In the wake of Barack Obama’s 2008 historic election as the first black president of the United States of America, pundits, reporters, politicians, and scholars scrambled to declare the race question over. In its congratulatory message to the newly elected president, The Wall Street Journal proclaimed, “A man of mixed race has now reached the pinnacle of U.S. power only two generations since the end of Jim Crow.” The article went on to say, “One promise of his victory is that perhaps we can put to rest the myth of racism as a barrier to achievement in this splendid country.” Washington Post columnist, Richard Cohen, attributed Obama’s victory to former president Lyndon B. Johnson, suggesting that Obama’s election was the culmination of “that July day when Johnson virtually outlawed most forms of racial segregation in America.” Cohen goes on to say that Obama is “only incidentally a black man. It is not just that he is post-racial; so is the nation he is generationally primed to lead.”
What these articles suggest is that the struggle for civil rights had finally been realized.
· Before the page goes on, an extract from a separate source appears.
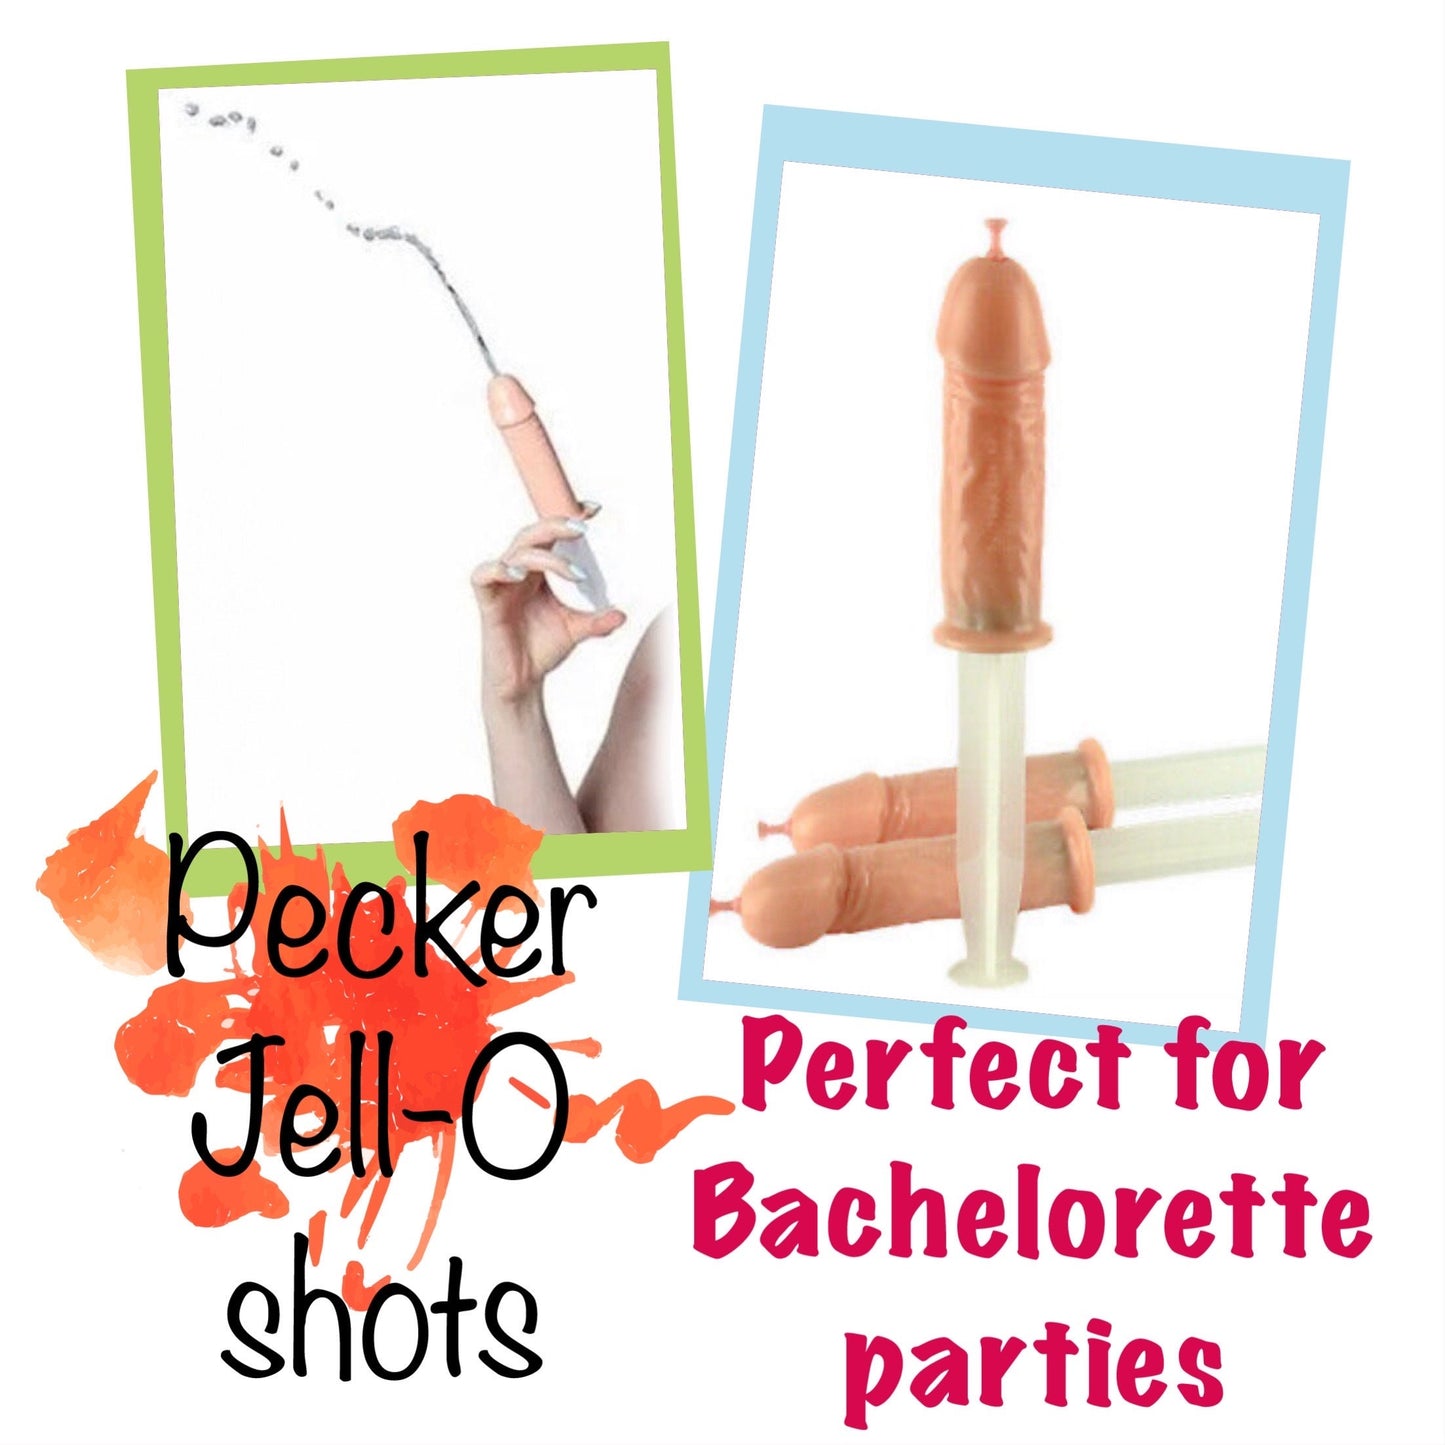 Bachelorette penis syringe | Bachelorette accessories| penis Jell-O shots|Hen party|Penis shooters|Pecker party |Jello penis shooters/shots - Pink Fantasma 
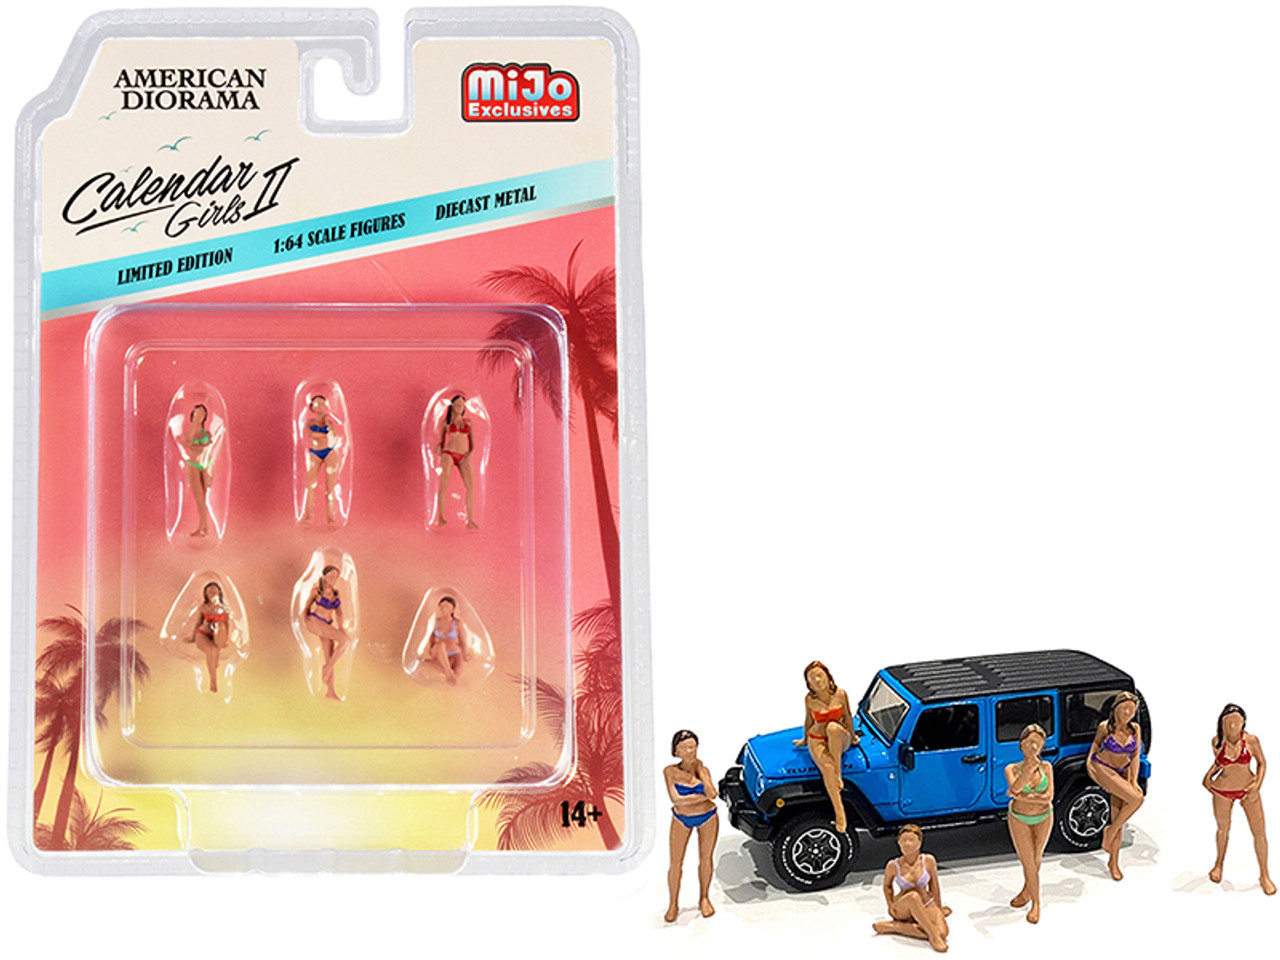 "Calendar Girls" 6 piece Diecast Figurine Set Release 2 for 1/64 Scale Models by American Diorama

A nation whose short history had been peppered with violent, political, and ideological racial battles had elected a black man to the highest office in the land. These writers reflect a common belief in white American society – racism is dead. While Obama’s election signified a leap forward in American race relations, understanding his election as the culmination of the Civil Rights Movement, reflects a problematic understanding of history declares issues of racism to be a thing of the past. If Obama’s election signals the final step in a shift from a racial to a post-racial U.S. society, then why talk about racism at all? The answer is simply this: to declare the race question over is at best oversimplified and at worst risks overlooking both the deep racial divisions that still pervade American society as well as the causes and effects of these divisions.
Throughout this Daily Theology Shark Week on Theology and Racial In/Justice my colleagues will insightfully address the myriad of ways that racism still rears its ugly head – overtly and covertly – in our everyday lives. The underlying question, then, seems to be how to understand two competing claims to reality – that we live in a post-racial society and that many people of color continue to regularly experience racial injustice. The crux of this issue is how we understand racism, an understanding that has gradually, but profoundly shifted over the last fifty years.
Bryan Massingale insists that our current understanding of racism is outdated. Racism is often understood to be an instance (or instances) in which “Person A (usually, but not always, white) consciously, deliberately, and intentionally does something negative to Person B (usually, but not always, black or Latino) because of the color of his or her skin.” This understanding of racism emphasizes deliberate individual actions that cause harm to another.
While these forms of person-to-person racial animosity continue to exist today, the civil rights legislation of the 1960s overturned the legalized segregation. As “separate but equal” gave way to integration, and as instances of white-on-black racial violence became rarer, that racial questions would slowly fall out of the dominant white American purview is understandable. The struggle for civil rights did create changes in legislation and race relations, and this struggle did help pave the way for the election, decades later, of a black man to the U.S. presidency. Nonetheless, the problem with this understanding of the manifestations of racial prejudice is that it fails to properly recognize the changing social nature of racism in America over the last fifty years.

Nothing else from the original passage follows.